Post-GFC, central banks have struggled to push inflation back to target levels despite aggressive monetary easing. This reflects the diminishing returns of ultra-low interest rates on stimulating demand and their negative effects on bank profitability, which reduces credit capacity. Additionally, in low-inflation regimes, inflation becomes less responsive to monetary policy because it is driven by idiosyncratic, sector-specific factors rather than broad aggregate demand. These dynamics make inflation harder to influence and highlight the limitations of IT frameworks in addressing structural changes in the global economy, such as deglobalization and geopolitical shifts.

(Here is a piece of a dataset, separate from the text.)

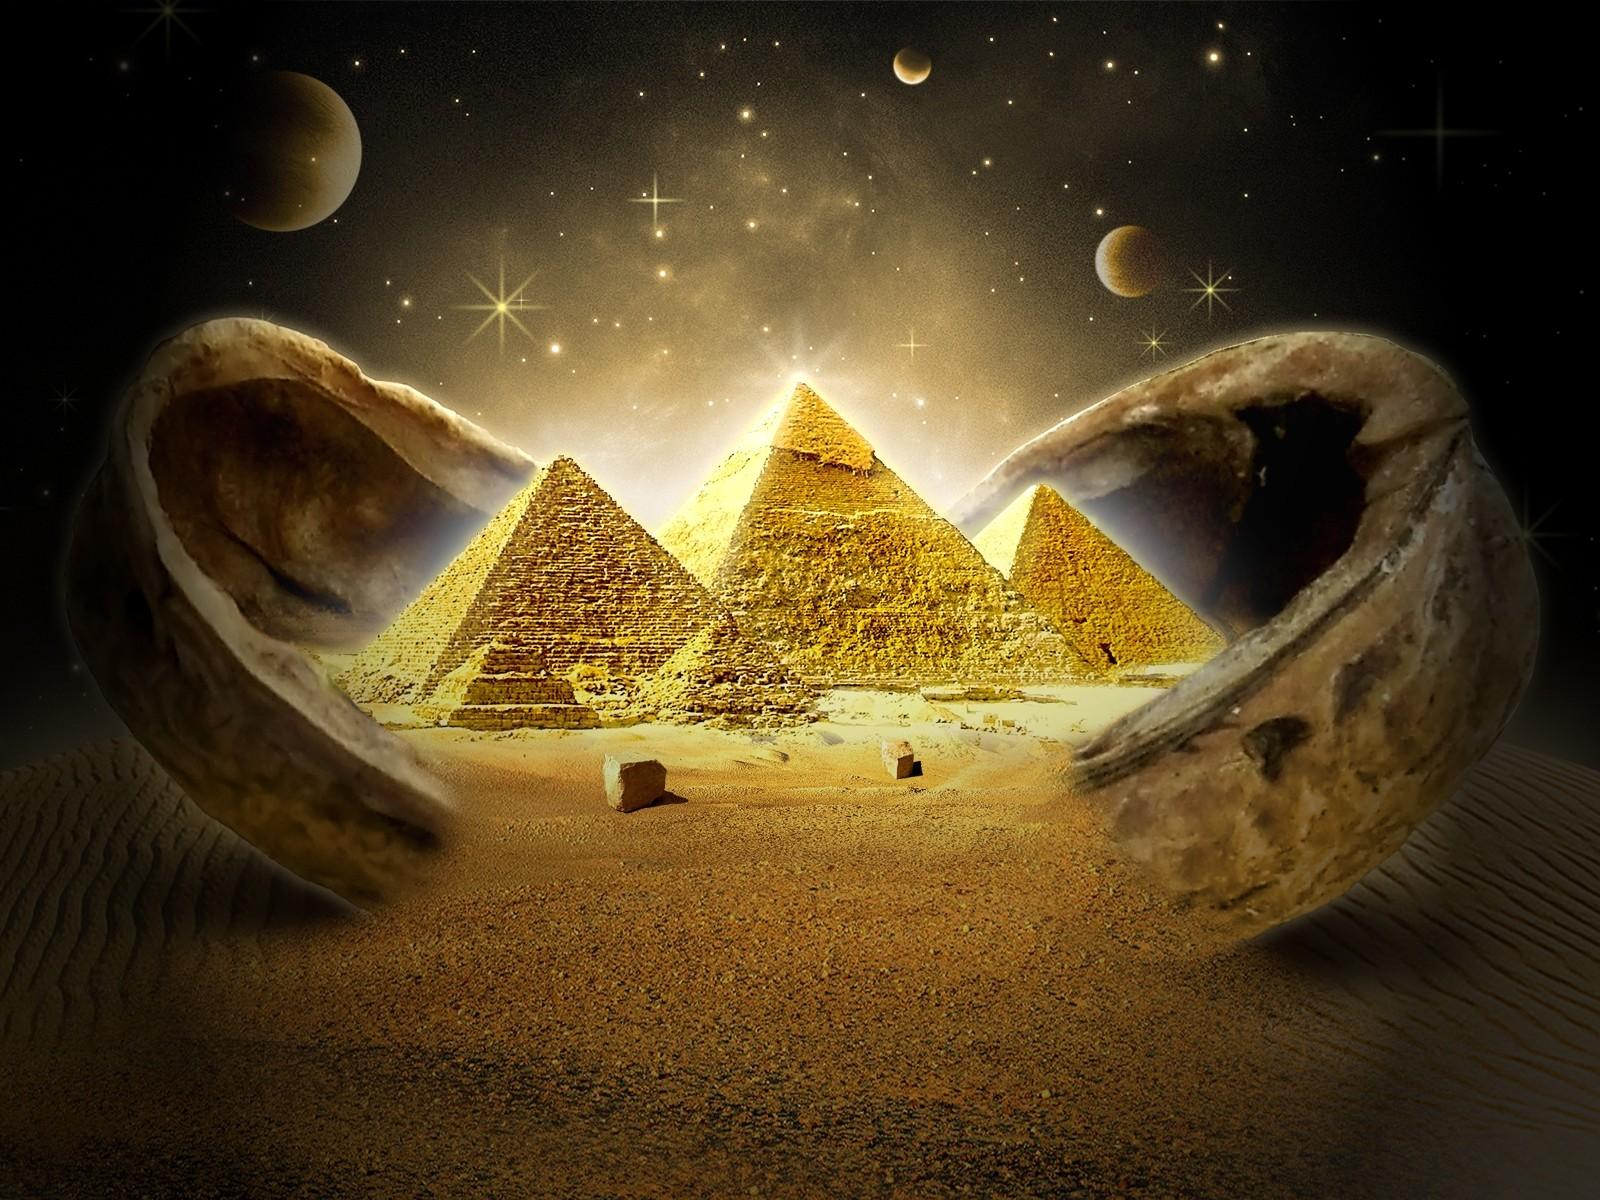 Artistic Egyptian Wallpaper 1600x1200 Artistic Egyptian 1600x1200

Borio proposes several adjustments to strengthen IT. First, central banks should incorporate financial stability considerations, such as credit growth and property prices, into their frameworks. Second, policymakers must adopt longer-term perspectives to address slower-moving financial cycles and avoid excessive short-termism. Good luck with that.

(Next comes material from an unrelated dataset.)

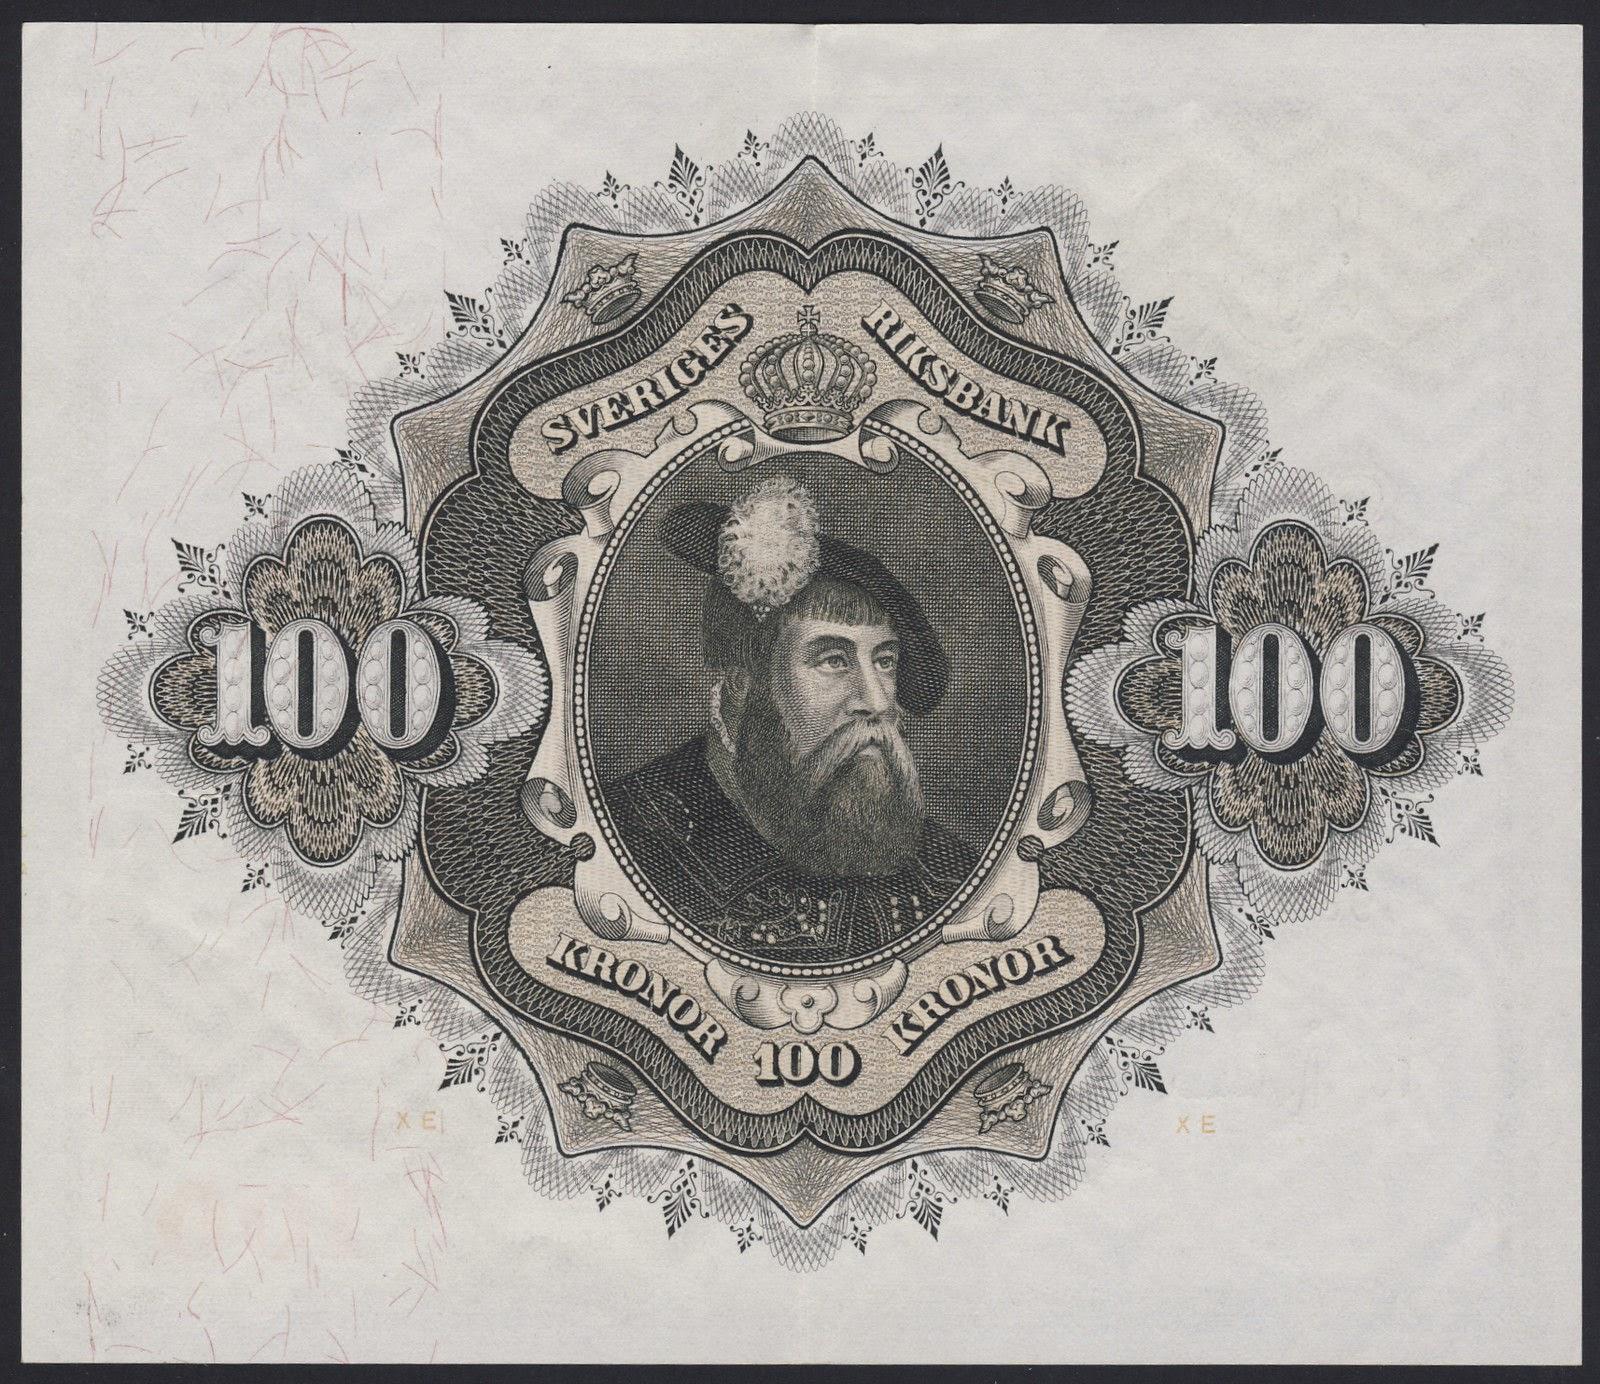 Sweden Banknotes 50 Kronor banknote 1950 King Gustav Vasa

In addition, greater tolerance for moderate and persistent deviations below inflation targets can preserve policy flexibility and prevent the adverse effects of prolonged low rates. Borio also emphasizes the importance of maintaining safety margins to weather future economic shocks and reducing reliance on forward guidance and oversized central bank balance sheets.

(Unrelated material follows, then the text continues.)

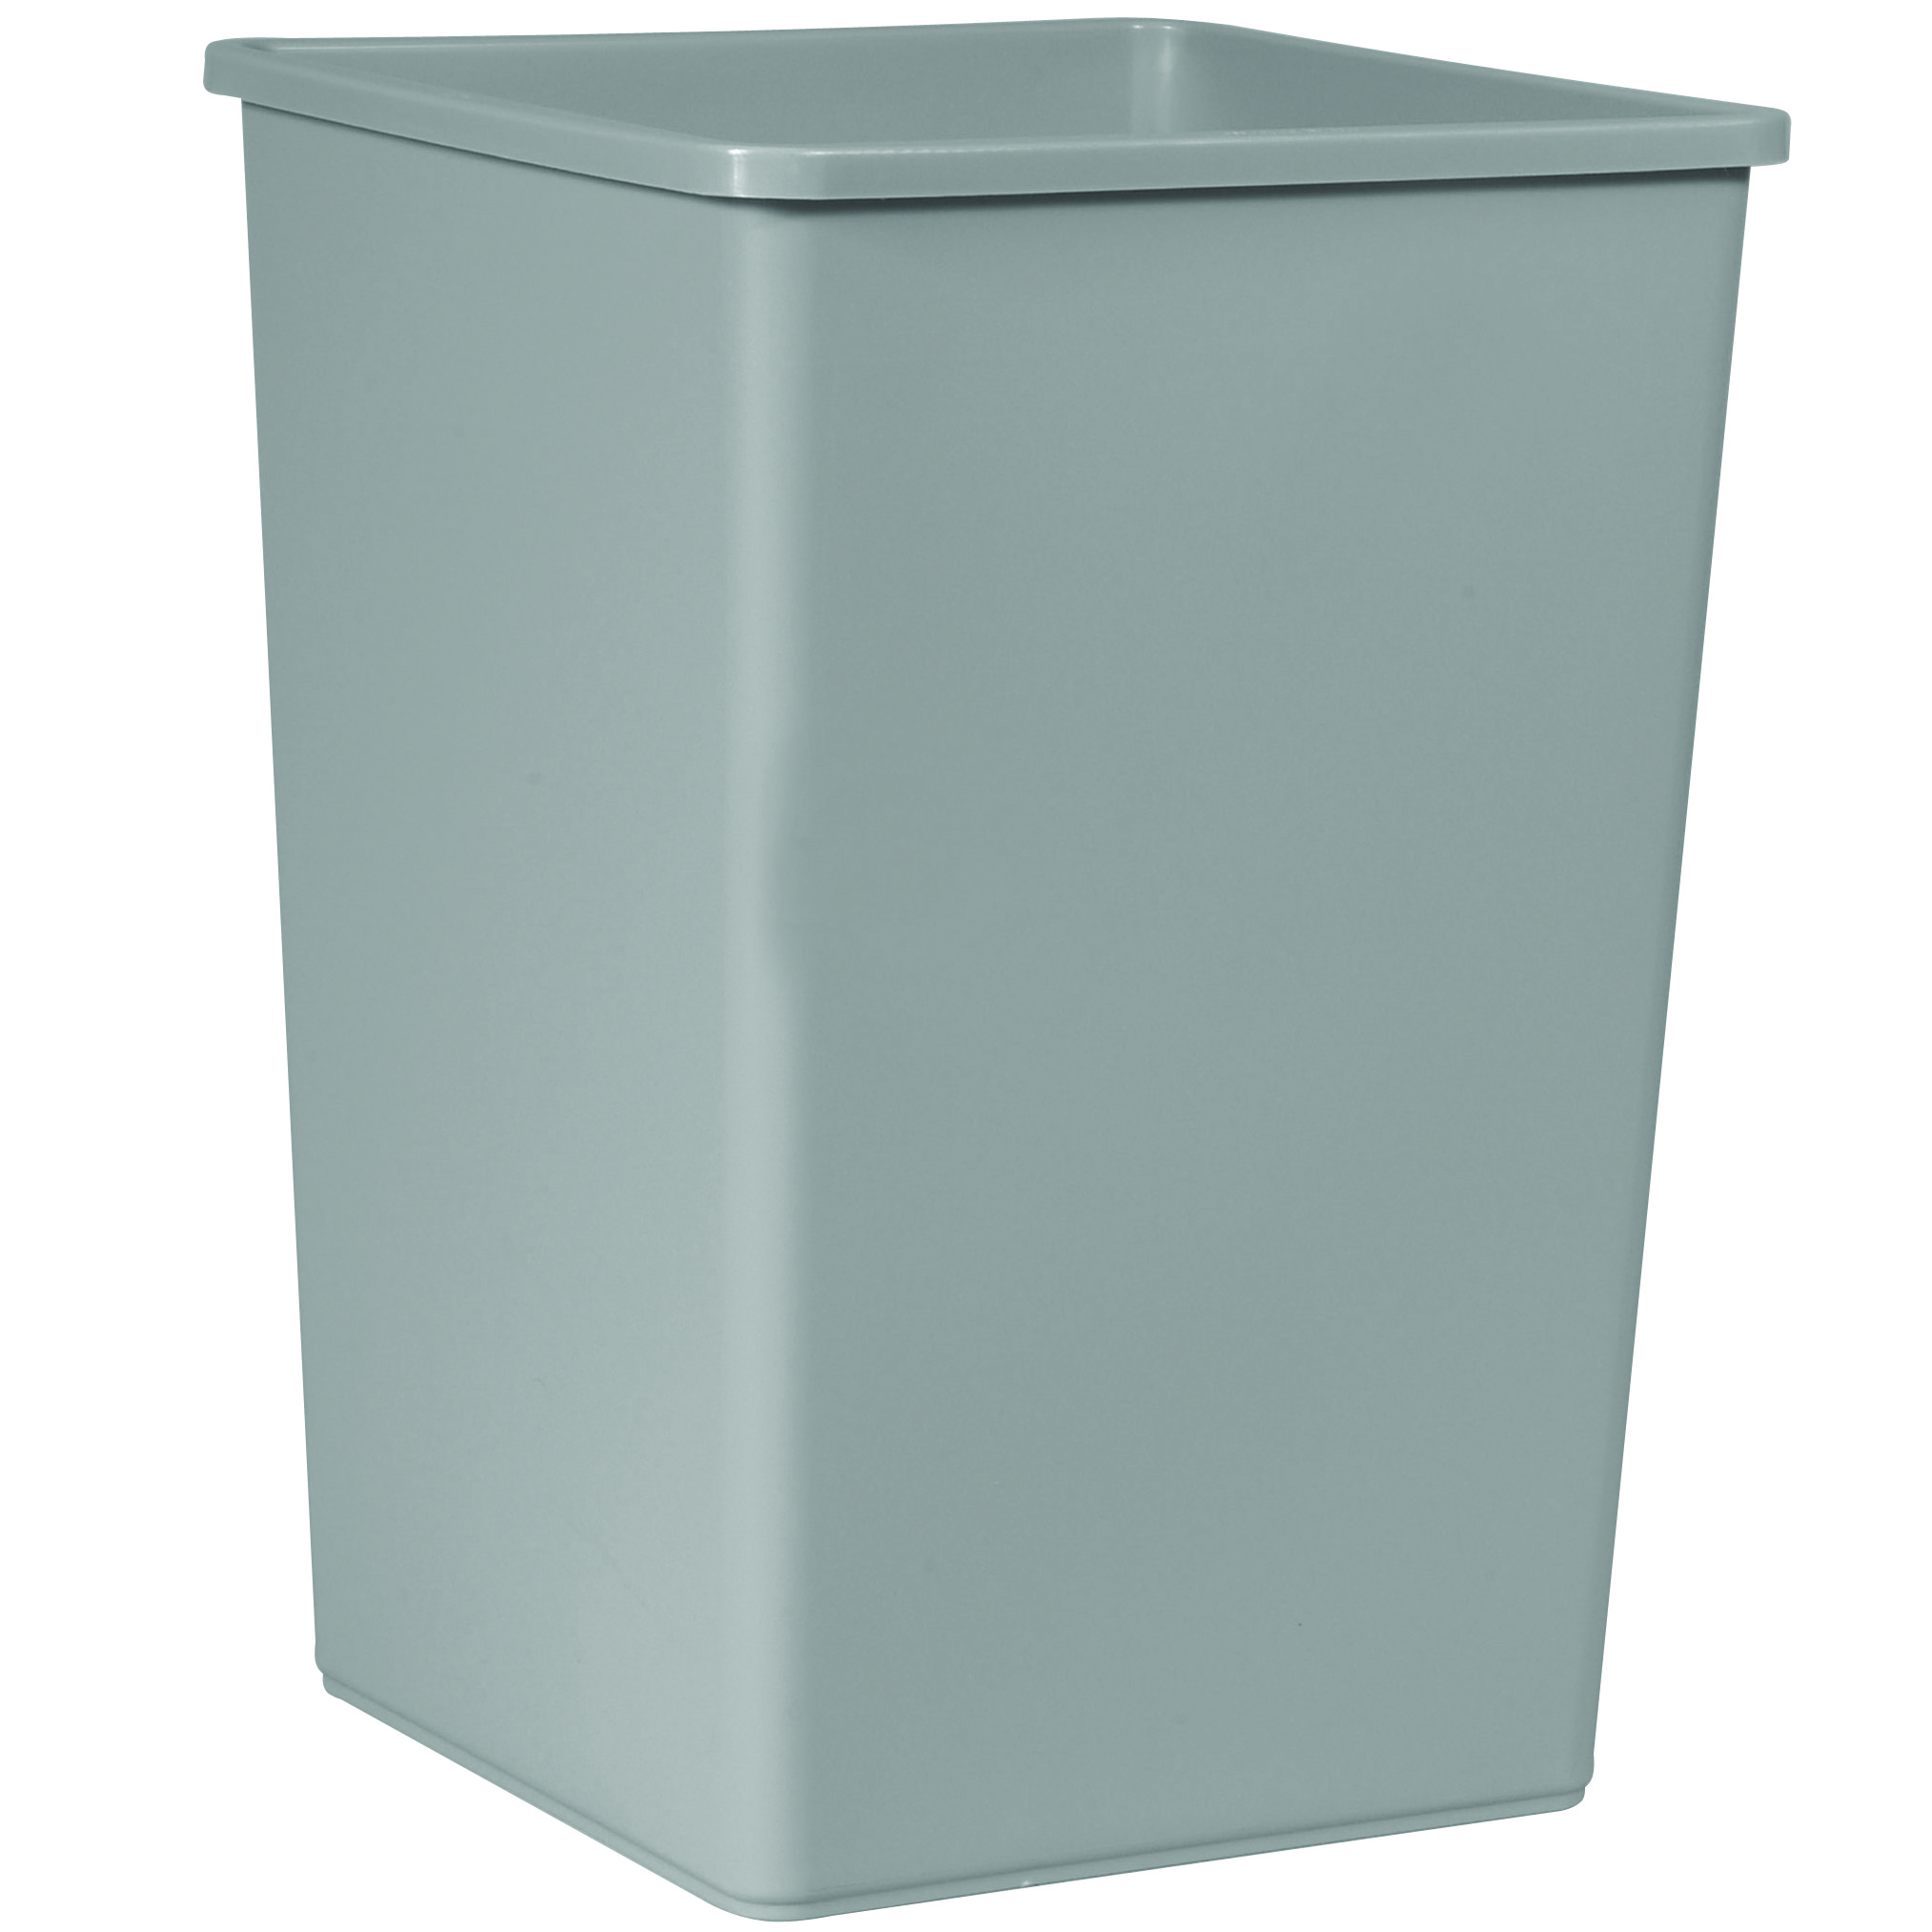 35 Gallon Untouchable Square Trash Container Trashcans

He concludes by urging policymakers to evolve IT frameworks to address these challenges while maintaining a focus on medium—and long-term stability. Monetary policy should ensure price and financial stability without being overburdened as a growth engine, and public expectations must align with its realistic capabilities. He also warns that growing political pressures and unsustainable fiscal policies pose risks to monetary frameworks and central bank independence. By adapting IT to meet these evolving challenges, central banks can ensure that it remains a robust and sustainable foundation for global monetary policy.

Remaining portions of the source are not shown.